This face pack was made by me.


----------



## abhi_10_20 (Mar 11, 2007)

Cricket 07 boring..........
with the world cup starting.............
i wish any other game developer, other than EA, brings out a good one....


----------



## gaurav_indian (Mar 11, 2007)

abhi_10_20 said:
			
		

> Cricket 07 boring..........
> with the world cup starting.............
> i wish any other game developer, other than EA, brings out a good one....

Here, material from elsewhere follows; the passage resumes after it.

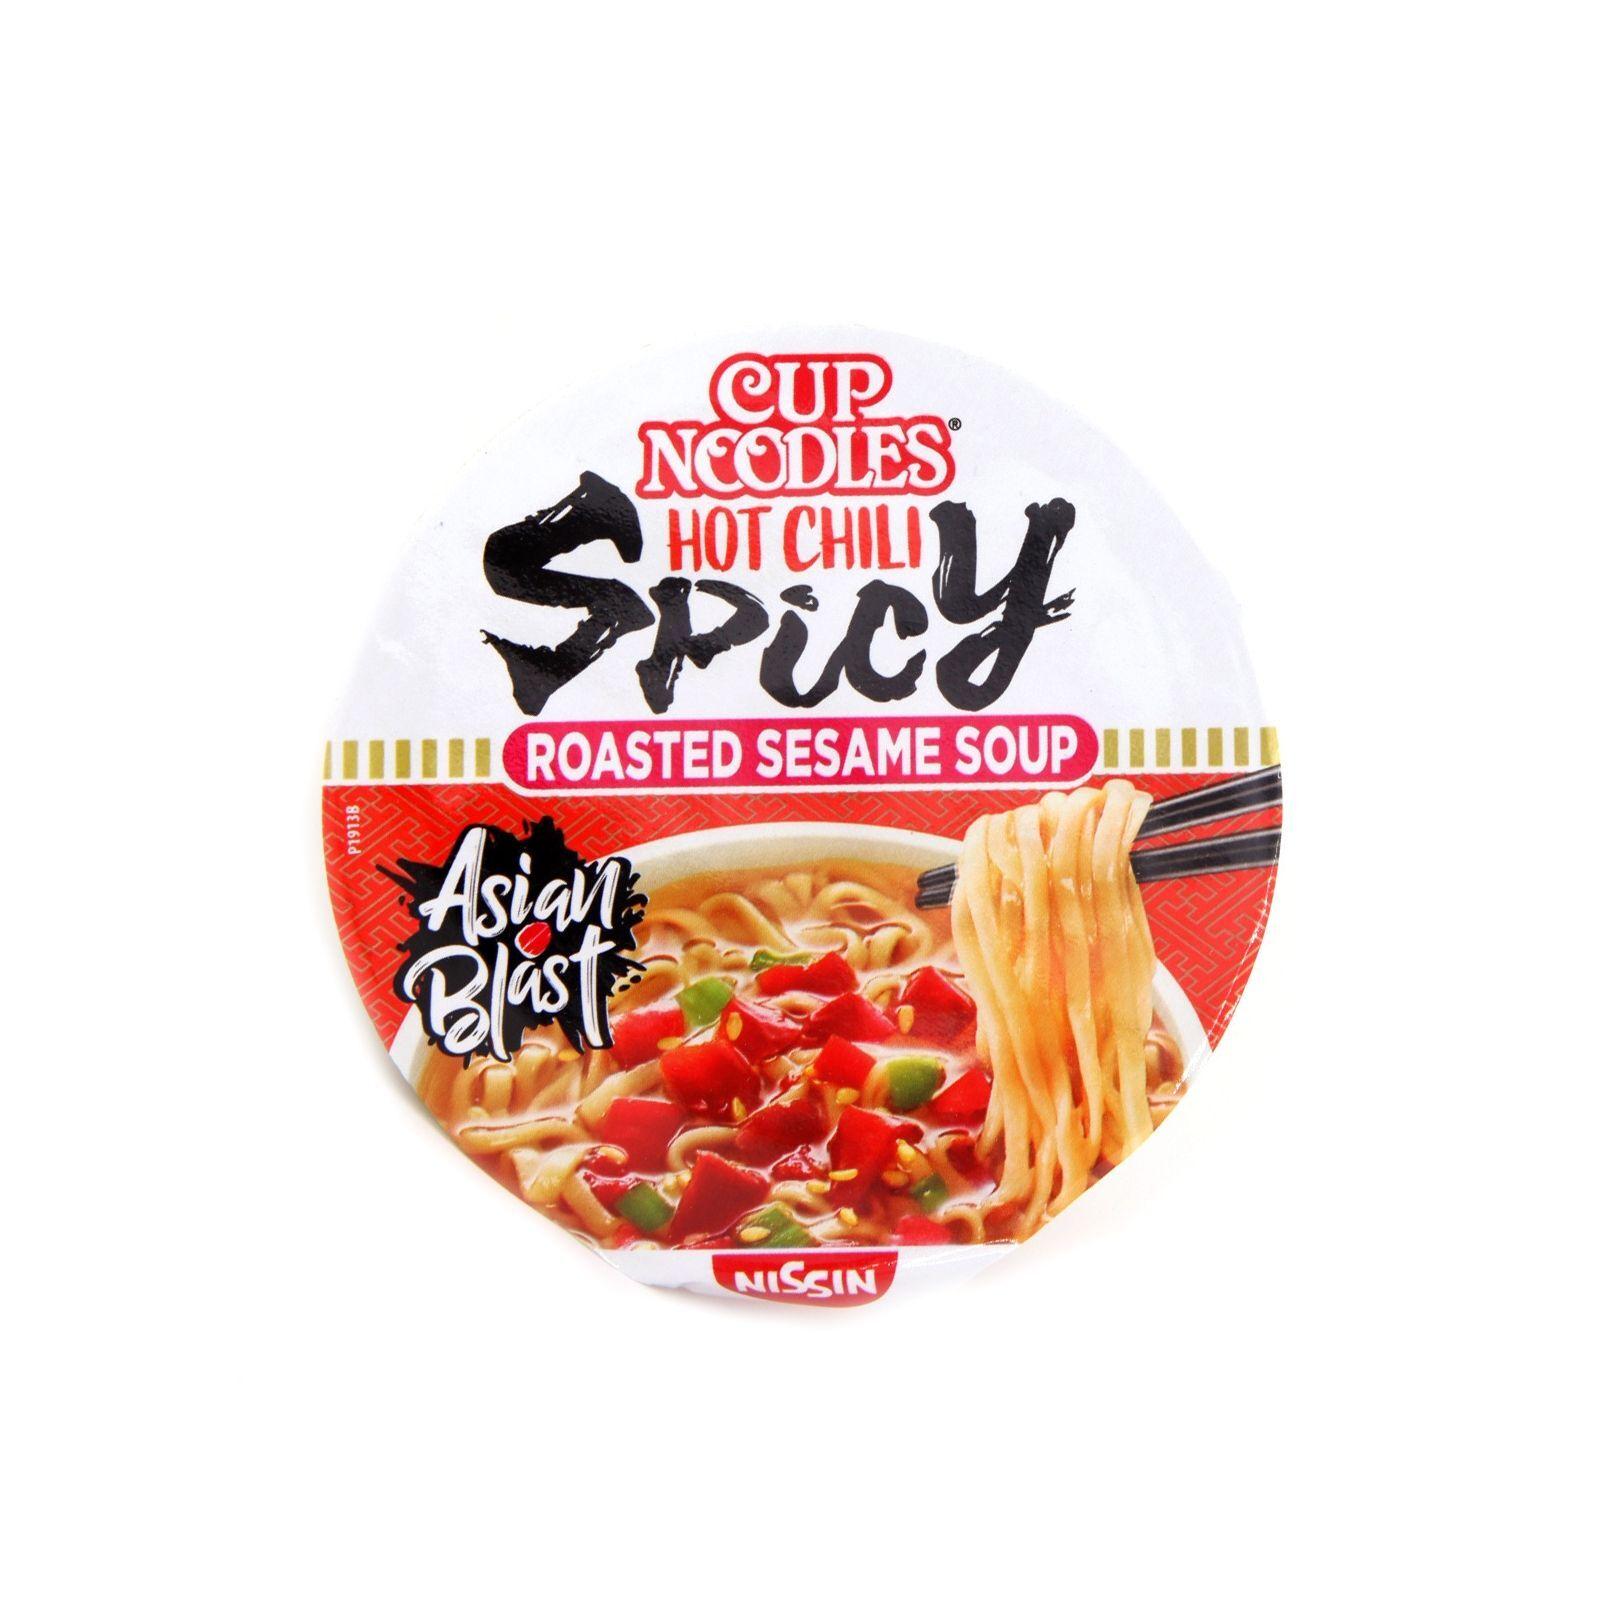 Asia Marché Soupe de nouilles épicée au sésame 63g Cup Noodle
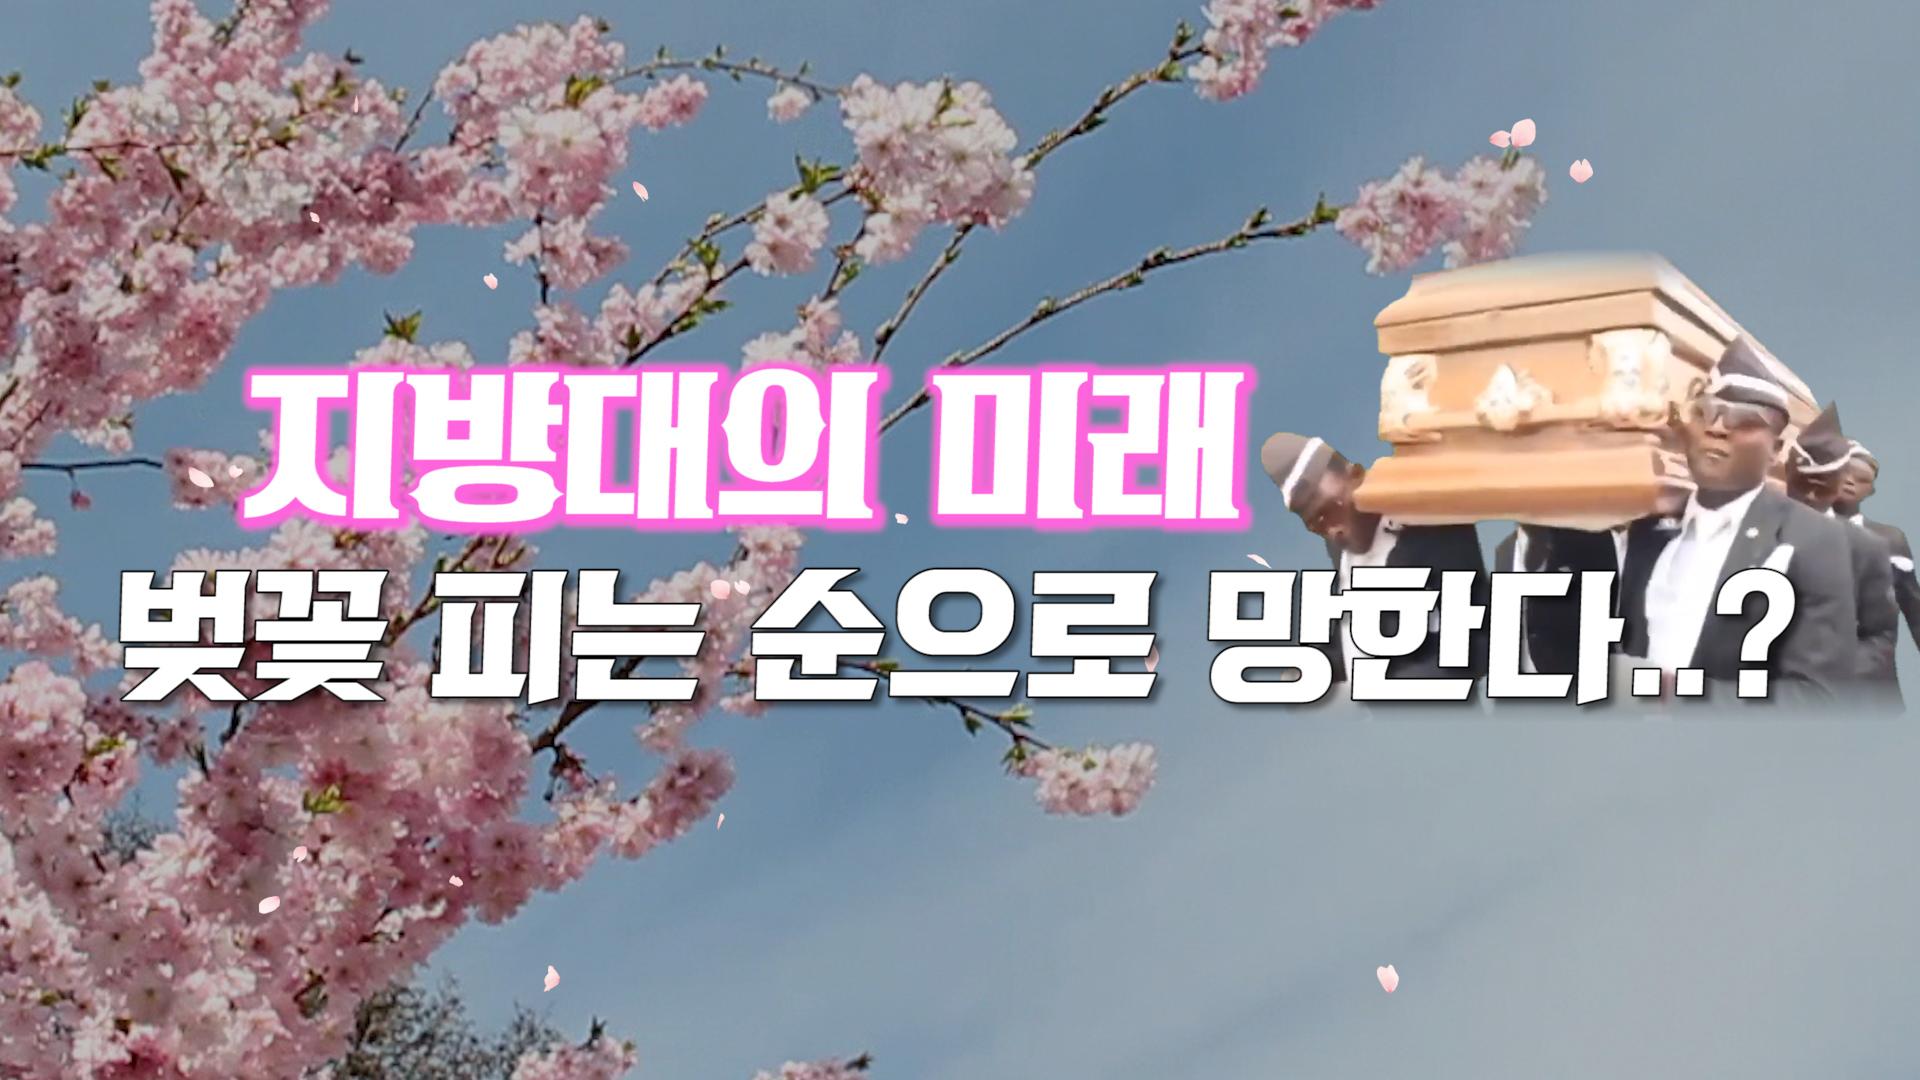 [영상]'벚꽃 피는 순으로 망한다'...학령인구 감소로 대학 위기감↑

Yes Brian Lara International Cricket 2007 is coming up this month from Codemasters.Demo is out.


----------



## abhi_10_20 (Mar 11, 2007)

and....when is the full version getting released?


----------



## thunderbird.117 (Mar 11, 2007)

abhi_10_20 said:
			
		

> and....when is the full version getting released?



This month


----------



## Shasanka_Gogoi (Mar 12, 2007)

I played Cricket 2002, 2004, 2005 and all were almost same and the commentry is the funniest part. They tried to make 2005 harder but only messed up with the controls. I ain't wasyting any more money on this game!


----------



## Third Eye (Mar 12, 2007)

I played Cricket 2002,2004,2005 and 2007 and found all games are crap,all games commentary are same.


----------